Kolchinsky shook his head. Sure, payers would pay for that. But there is no such drug on the market, or in R&D.

Peter Kolchinsky, managing partner, RA Capital

“We never see this kind of efficacy,” Kolchinsky told the students. Turning to his fellow judges, he said: “What they are asking us to do is stop investing in plausible, realistic science and start investing in fantasy.”

Another group sized up a new treatment for irritable bowel syndrome with constipation or diarrhea, and imagined generating three times as much sales volume in Europe to make up for an anticipated shortfall in the US.

Next came a team with an mRNA vaccine for HIV that elicits broadly neutralizing antibodies. The students thought the vaccine could be given to everyone in the US. They considered a low price for a national population and a higher price for a subpopulation deemed to be “high risk.”

The team concluded that it didn’t make sense to develop such a product as a low-volume/high-priced ($9,000) product for the high risk population. Forget about it.

A few days later, I asked the judges to reflect. How were students forced to adapt to the new environment? What did it tell us?

Kolchinsky wrote:

“The participants made an admirable effort, but every single team was forced to make unrealistic assumptions to try to make their business pitches seem fundable despite the limitations of price controls.

“A lot of the submissions were based on actual drugs in development by real companies. But the actual programs are funded because those companies and investors have an expectation that, if successful, those drugs will get reimbursed at prices close to those drugs we have on the market now, which are all higher than prices that HR-3 would allow. And when these teams tried to win funding for these programs but asked investors to accept a much lower price, they couldn’t. Some teams resorted to asking the judges to imagine that these drugs were better than they actually were, had a higher chance of succeeding that they actually have, or would treat more patients than could possibly be true. Bottom line, price controls killed investment in the R&D that is actually possible and forced teams to resort to making promises they couldn’t keep…”
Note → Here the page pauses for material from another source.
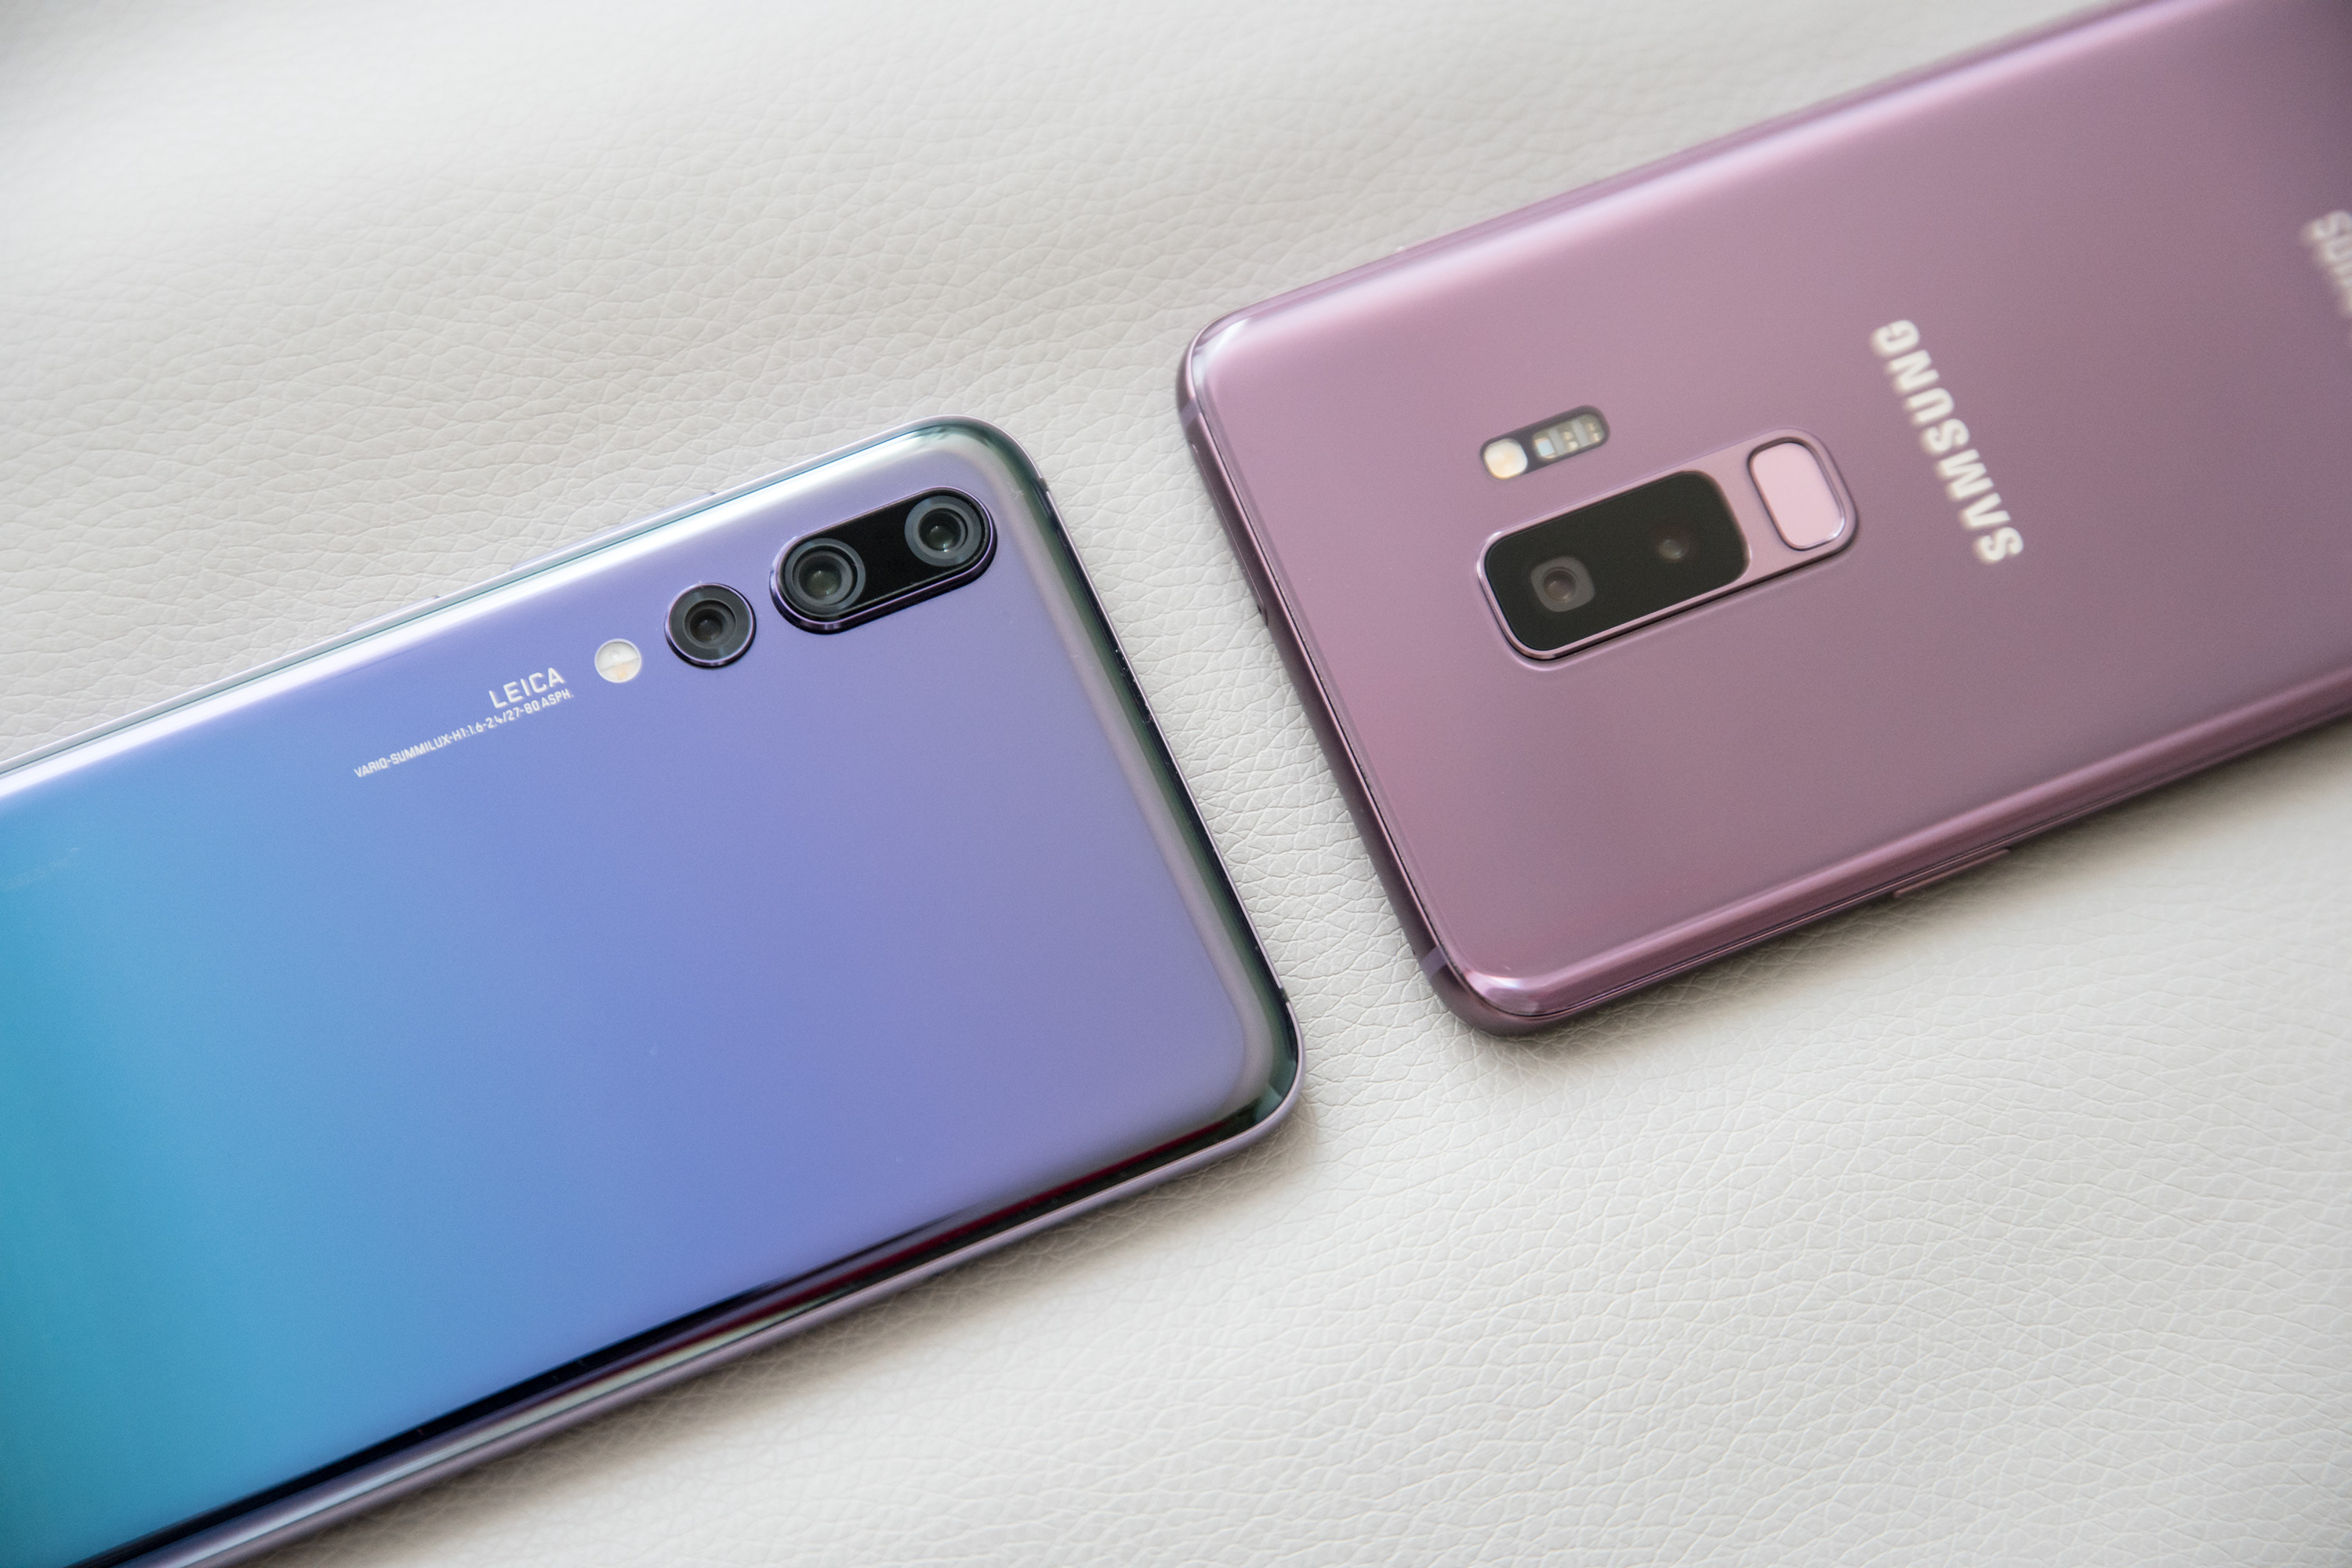 Samsung Galaxy S9 Und Huawei P20 Pro Im Ersten Vergleich 4k All About Samsung
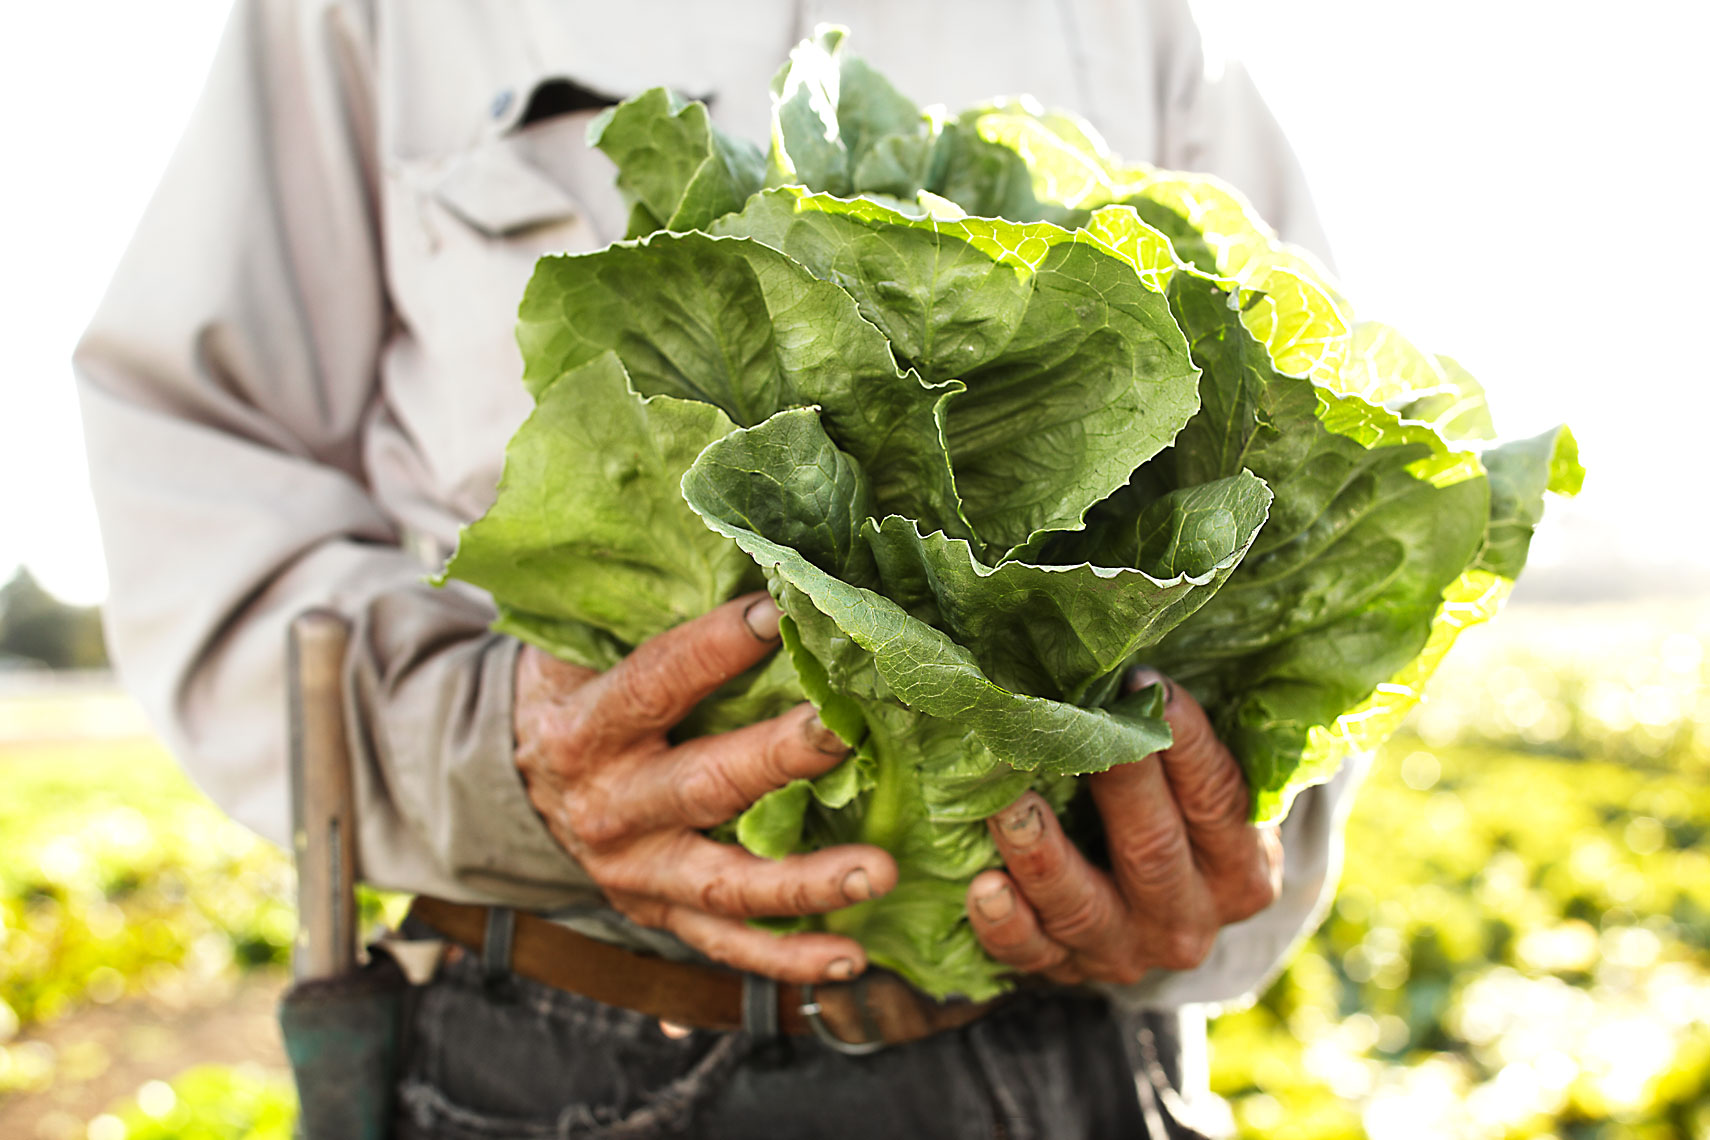 Veritable Vegetable lettuce in hand

If health economists who run conventional cost-effectiveness are put in charge of setting price, innovators probably won’t be able to win funding from any knowledgeable investors. There may some investors who fall for a pitch claiming a high probability of success and larger market than is real, but in time they will lose enough money to realize the price controls set rewards too low for the risks involved in making new medicines.”

Jeb Keiper, CEO, Nimbus Therapeutics

Jeb Keiper of Nimbus said the pressures would cause entrepreneurs to overpromise. “Like snake oil salesmen, [they] promise a cure in every bottle,” he said. “The constraints forced business plan competitors’ strategies to subvert price-control legislation by promising miracles.” 

That was one survival strategy. The winning team had a different plan. It pitched a reformulation of a proven drug. But in a hostile pricing environment, the students said they would need to accept a lower valuation in the next funding round — crushing the ownership stakes of earlier investors.

Keiper ruefully asked the team who was the CEO. That person would likely be fired.

“The implications are chilling,” Keiper wrote. “Existing biotech investors (including large scale mutual funds and pensions which many Americans have their savings in) get gutted, new medicines stop being developed for patients that need them, and the public only gets incremental improvements that industry watchdogs rightly hound against.”

Pain would be spread among entrepreneurs, investors, and patients. The patients most likely to bear the brunt, though, would be ones with the greatest needs.

Sara Nayeem, partner, Avoro Ventures

Sara Nayeem of Avoro Ventures wrote:

“Drug development for diseases where there have been many historic failures would be especially hard to fund.  For instance, pancreatic cancer is a devastating diagnosis for which we need breakthrough drugs; but because the historical probability of success is much lower than in other areas of oncology (per BIO, a drug for pancreatic cancer entering Phase 1 trials has only a 1.1% chance of approval), investors would need to know that a drug that shows needle-moving efficacy would be reimbursed at a higher price than the average cancer drug…groups like ICER don’t take into account the low success rates in certain diseases; nor do they quantify the value to society into perpetuity of branded drugs going generic.”

Some readers might think this boils down to the same old industry talking points about price controls causing investment to dry up.

But the students weren’t trying to score political points. They were imagining a future drug pricing environment, and trying to prepare.

It was a useful and humbling exercise. Lawmakers would be wise to think a few steps ahead, like this, when considering big changes to a complex market like this with so much at stake.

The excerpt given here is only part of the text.